Masha sighed, as if Carmel were not behaving.

‘I know I need to work more exercise into my schedule?’ offered Carmel. Was that what she wanted to hear?

‘Yes,’ said Masha. ‘Yes, you do. But I find this also not so interesting.’

‘When the kids are older I’ll have more time to –’

‘Tell me about when you were schoolgirl,’ interrupted Masha. ‘What were you like? Smart? Top of class? Bottom of class? Naughty? Loud? Shy?’

‘I was mostly near the top of the class,’ said Carmel. Always. ‘Not naughty. Not shy. Not loud.’ She thought about it. ‘Although, I could be very loud. If I felt strongly about something.’

She remembered a heated argument with a teacher who wrote ‘the thunder boomed, the lightening flashed’ on the blackboard. Carmel stood up to correct the teacher’s spelling of ‘lightning’. The teacher didn’t believe her. Carmel wouldn’t back down, even when the teacher yelled at her. She was all-powerful when she knew without doubt that she was in the right. But how often did you know for sure that you were right? Hardly ever.

‘Interesting,’ said Masha. ‘Because right now you do not seem like a very loud person.’

‘You should see me in the morning when I yell at my kids,’ said Carmel.

‘Why have I not seen this “loud” Carmel? Where is she?’
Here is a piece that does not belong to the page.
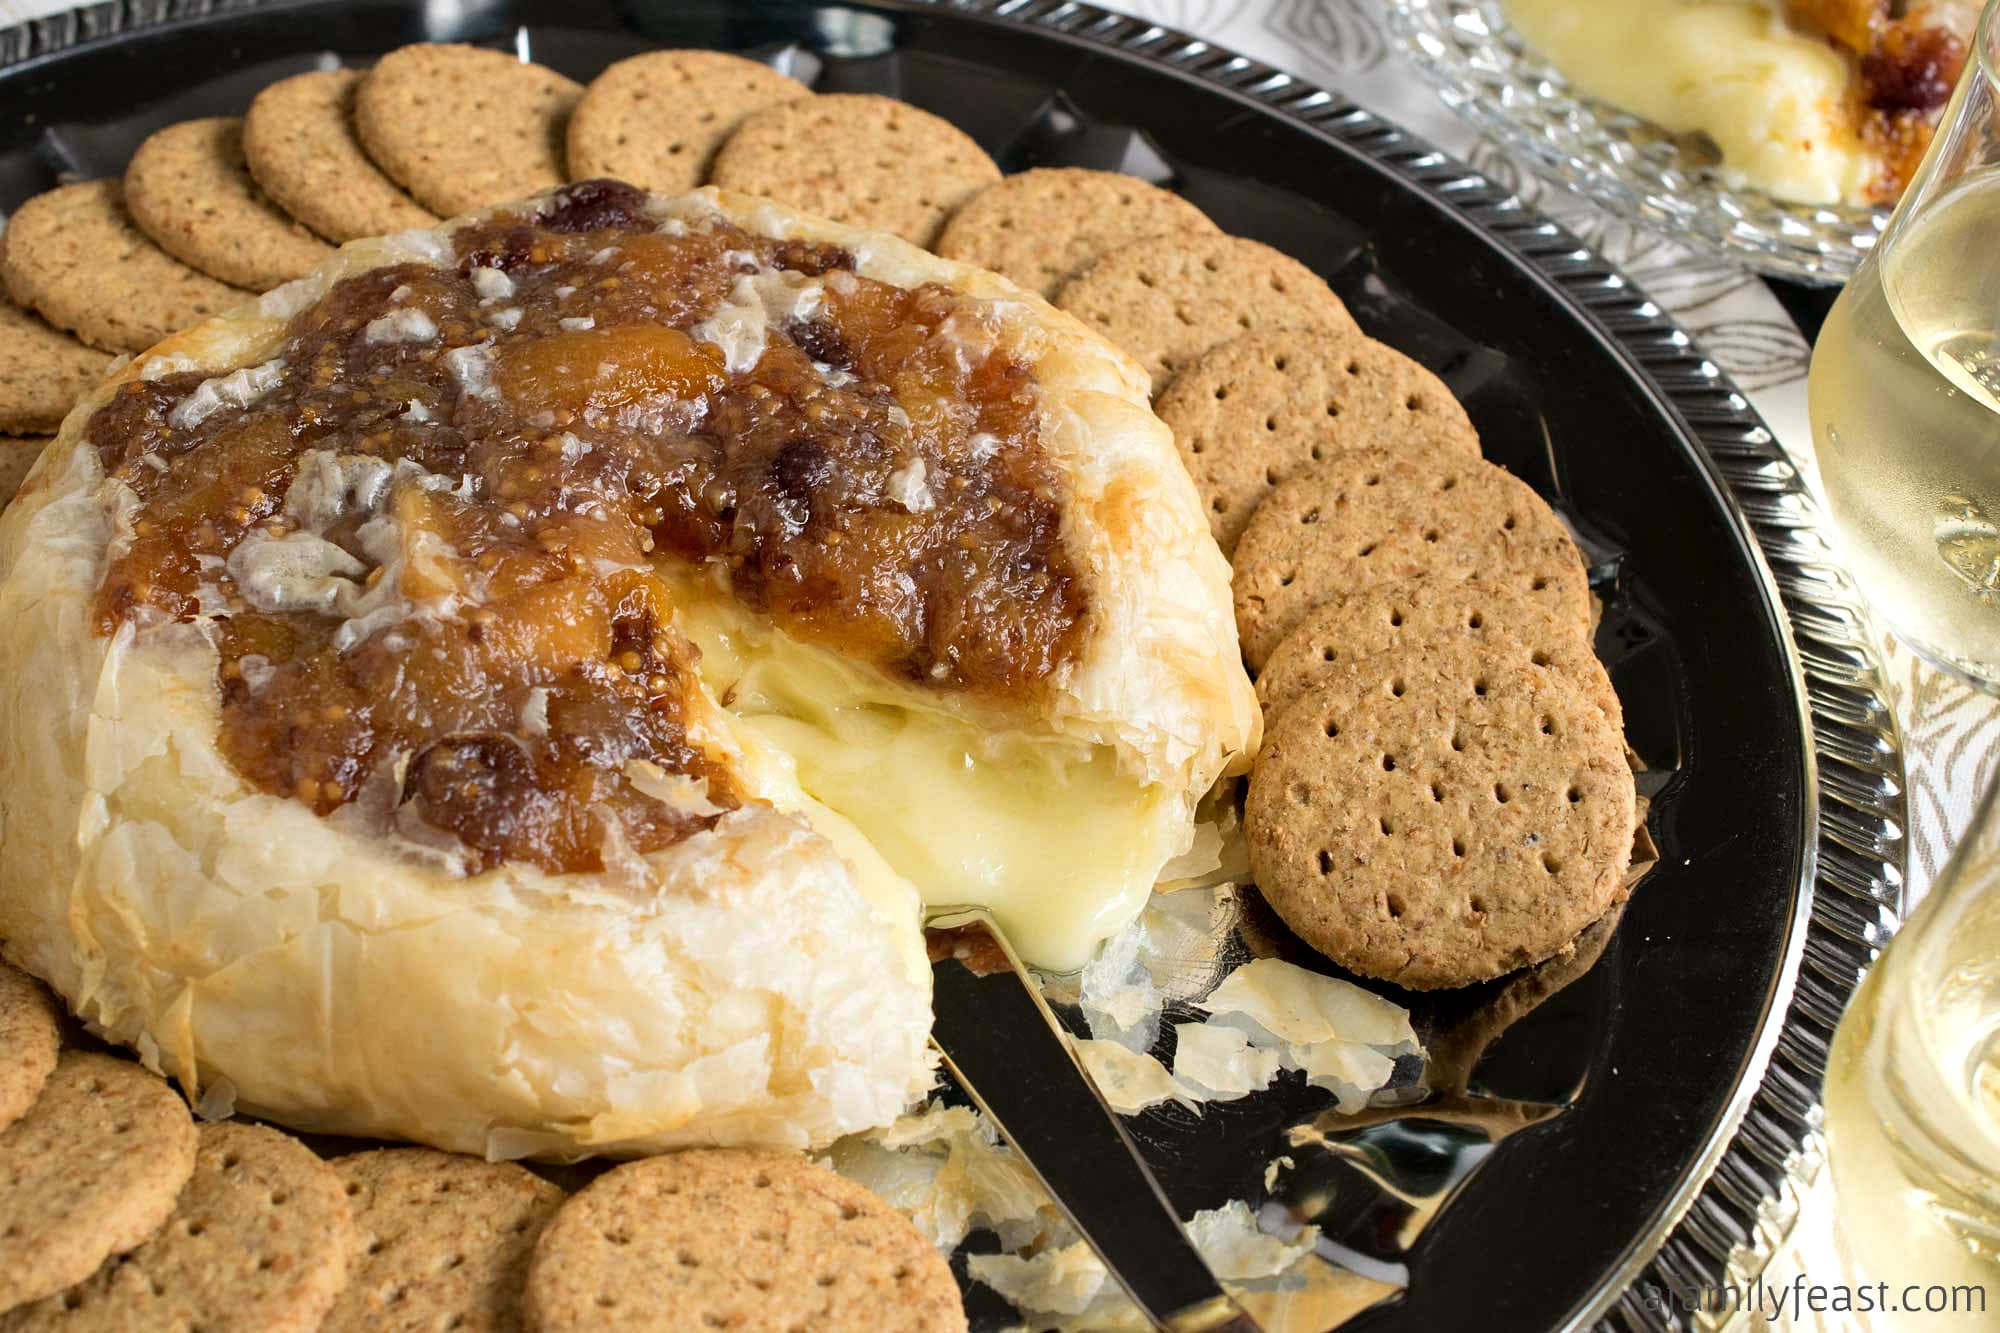 Warm and melty Baked Brie with Mostarda.

‘Um – we’re not allowed to speak?’

‘That is a good point. But see – even then, when you made a very valid point, you said it like a question. You put this questioning sound at the end of your sentences. Like this? Your voice goes up? Like you are not really sure? Of everything you say?’

Carmel squirmed at Masha’s imitation of her speech patterns. Was that really how she sounded?

‘And your walk,’ said Masha. ‘That is the other thing: I don’t like the way you walk.’

‘You don’t like the way I walk?’ spluttered Carmel. Wasn’t that kind of rude?

Masha stood and came out from behind her desk. ‘This is how you walk right now.’ She rounded her shoulders, dropped her chin and did a scurrying kind of sidestep across the room. ‘Like you are hoping no-one sees you. Why do you do that?’

‘I don’t think I exactly –’

‘Yes, you do.’ Masha sat back down. ‘I don’t think you always walked like this. I think once you walked properly. Do you want your daughters to walk like you walk?’ It was obviously a rhetorical question. ‘You are a woman in the prime of your life! You should march into a room with your head held high! Like you are walking onto a stage, a battlefield!’

Carmel stared. ‘I’ll try?’ she said. She coughed, and remembered to turn it into a statement. ‘I will try. I will try to do that.’

Masha smiled. ‘Good. At first it will feel strange. You will have to fake it. But then you will remember. You will think, Oh, that’s right, this is how I talk, this is how I walk. This is me, Carmel.’ She knocked her closed fist against her heart. ‘This is who I am.’

She leaned forward and lowered her voice. ‘I will tell you a secret.’ Her eyes danced. ‘You will look thinner if you walk like that!’

Carmel smiled back. Was she joking?

‘Everything will become clearer over the next few days,’ said Masha, with a gesture that made Carmel stand up quickly, as if she’d outstayed her welcome.

Masha pulled a notepad towards her and began to write something down.

Carmel hovered. She tried to put her shoulders back. ‘Could you just tell me how much weight I’ve lost so far?’